Double Fine’s initial goal: $400,000, with $300,000 going to the game’s development and $100,000 funding the documentary. And now, less than a week since the Kickstarter went live, they’ve more than quadrupled that fundraising target with a month left to go.

I have a feeling Double Fine knew they’d hit the $400,000 mark with some time to spare. But I don’t think anyone saw this happening. As an idealist and as somebody who tends to sympathize with the sort of people who give a shit about supporting high-quality work, it’s been wonderful watching the dollar total rise daily. I couldn’t have been happier to fork over $30 to guarantee a copy of the game and its soundtrack as well as a high-definition download of the documentary series. As a kid who grew up playing Schafer’s classic point-and-click adventures until I’d nearly memorized their entire scripts, there’s something so comforting to know there are throngs of people out there who remember just how great an experience that style of play can be.

So Now What?

I don’t know.
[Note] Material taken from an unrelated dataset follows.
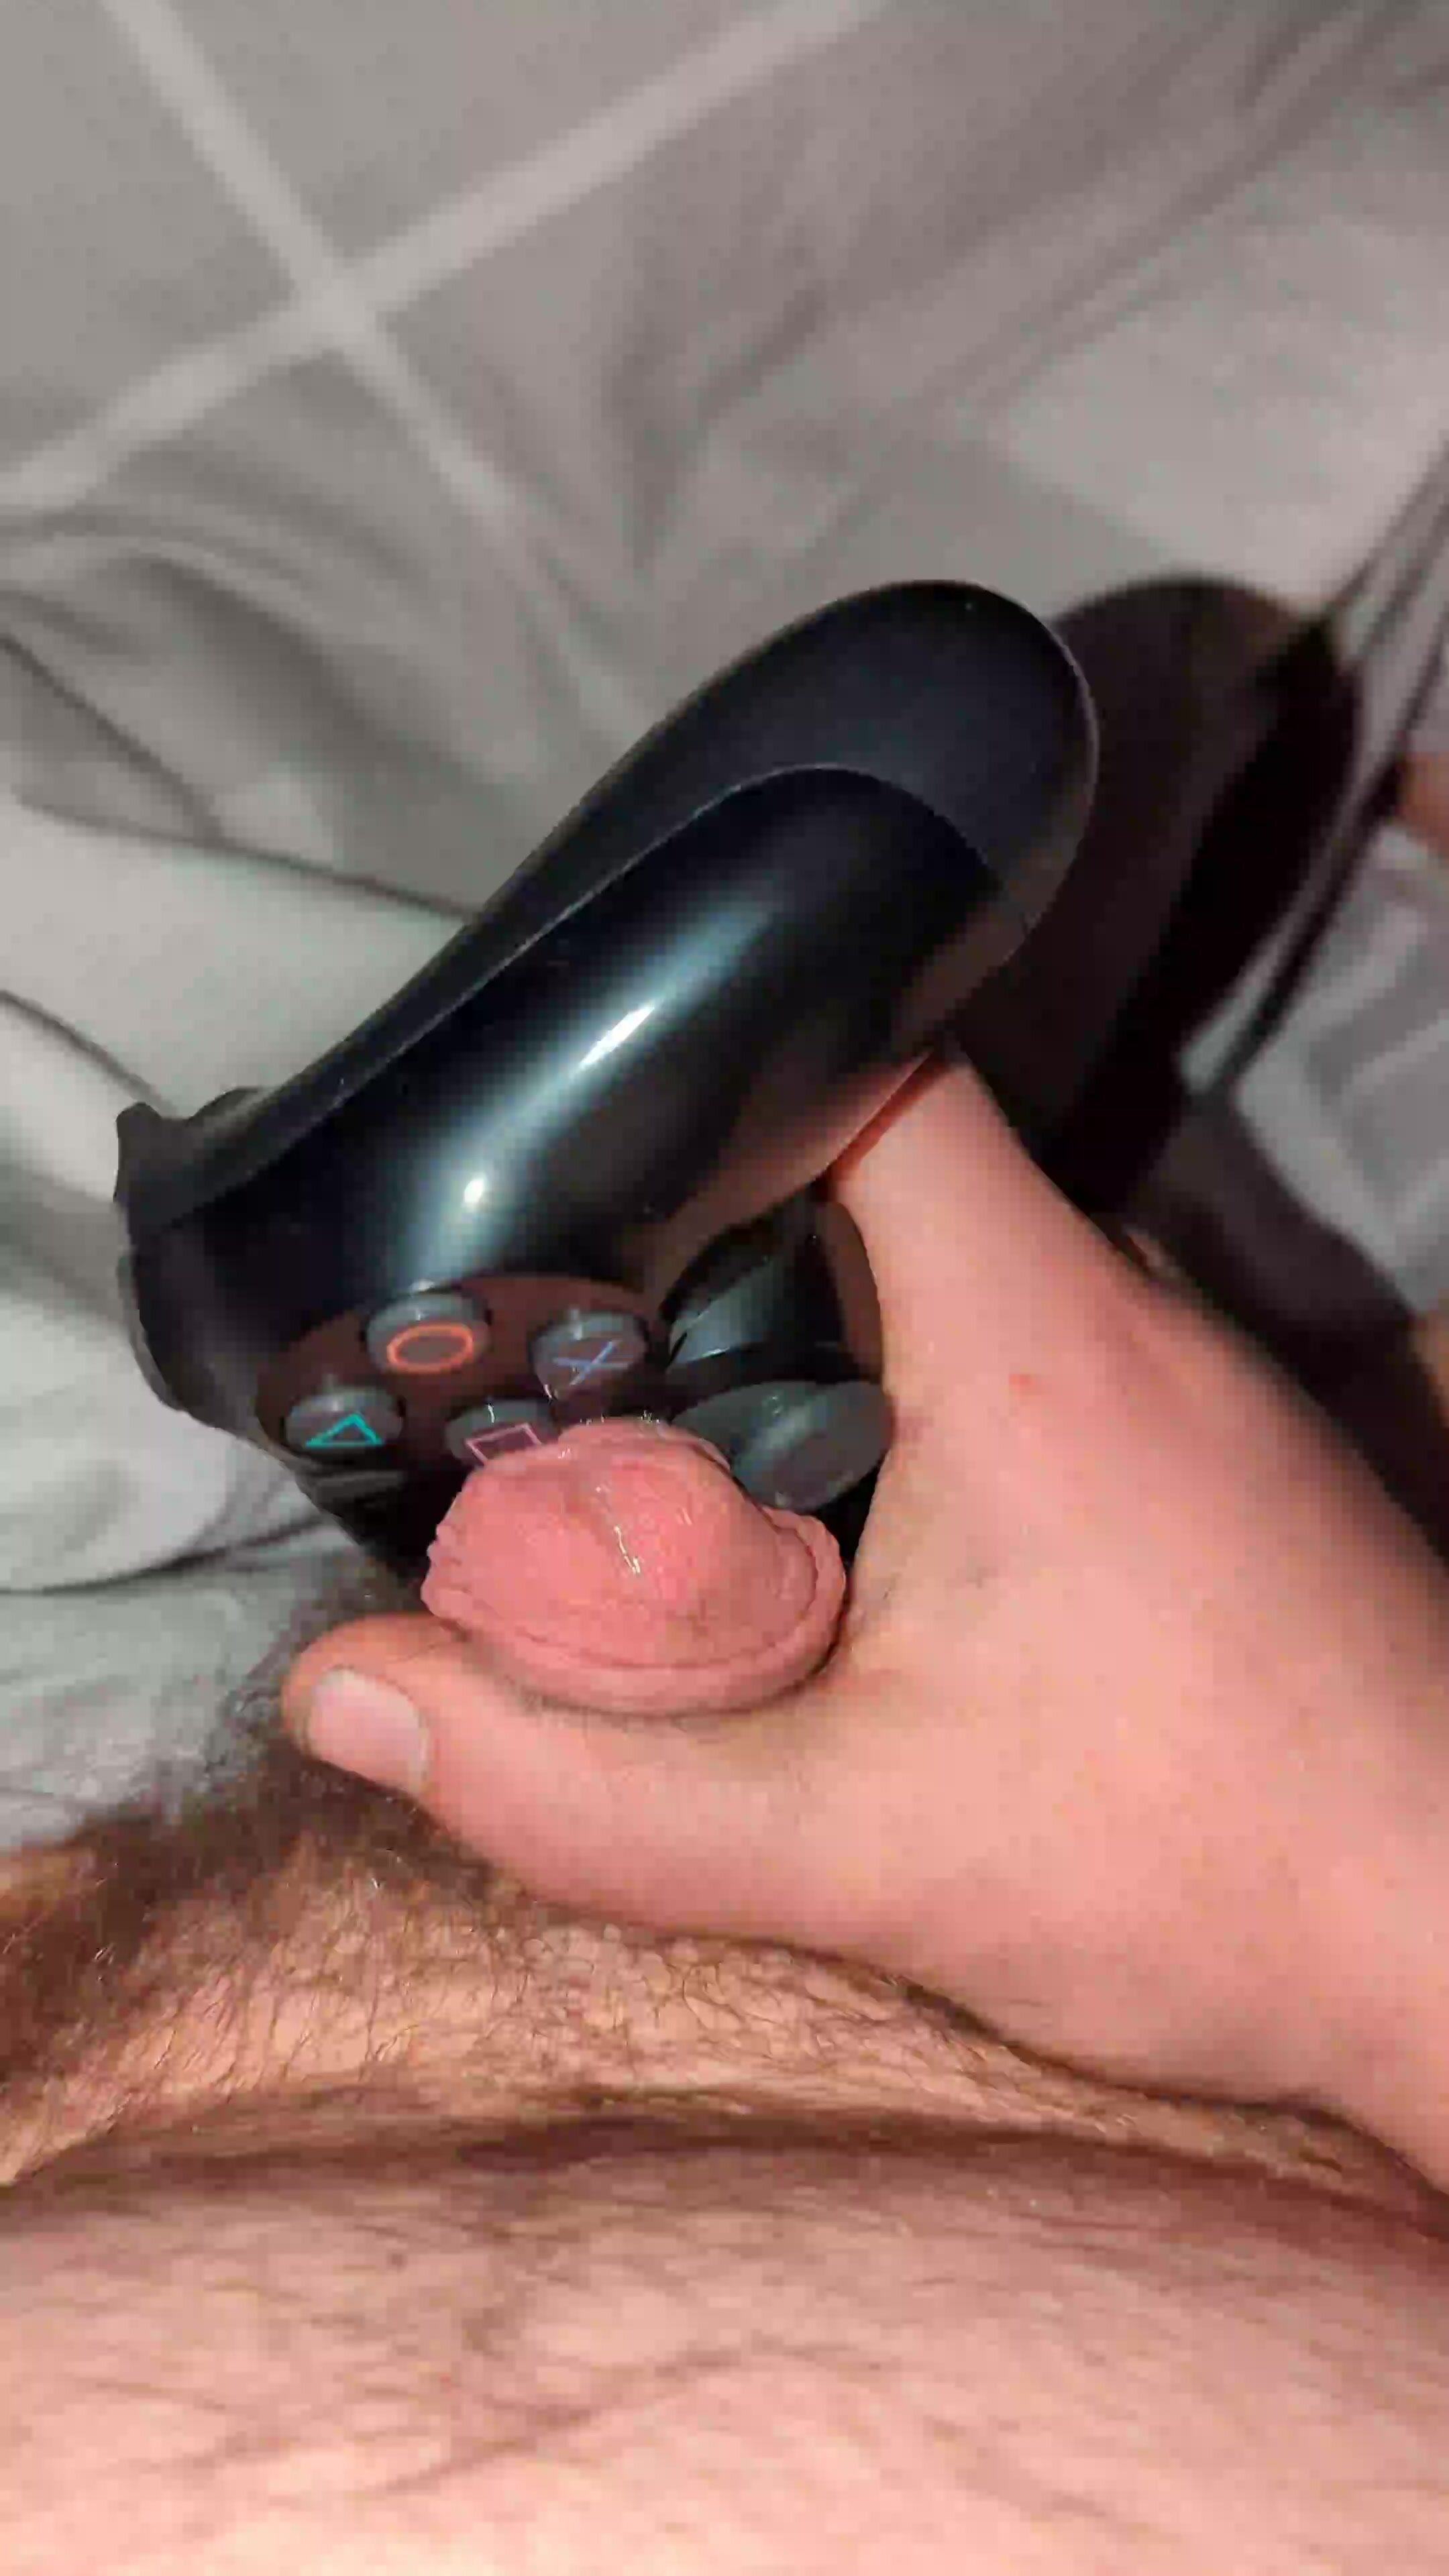 Cumming on PS4 Controller

I guess we’ll see what happens. Double Fine certainly isn’t the first company to raise money for a game on Kickstarter, but it’s by far the most visible — and it’s had what has to be the greatest financial success in doing so.

There’s been a lot of talk about what this means for the future of games, such as:

* Are publishers necessary any more? (Yeah, probably)

* Will we see more well-known game devs reaching out to fans directly to finance games? (Absolutely)

* Is this a good thing for game developers? (I think so)

The social internet is a wildly transformative beast, and Double Fine’s Kickstarter experiment is solid proof of that. This sort of thing never could have happened even four years ago. But today it’s 2012, and more than ever, people have the power to share the things they care about with the people they know. Word-of-mouth has always been a force to be reckoned with, but as this Kickstarter shows, it’s now moving with unprecedented virality. There’s a nimbleness to the way that word about this game spread that no publisher could ever hope to replicate, even with a multimillion-dollar advertising budget and countless purchased cover stories in the gaming press.

It’s only going to get more interesting from here.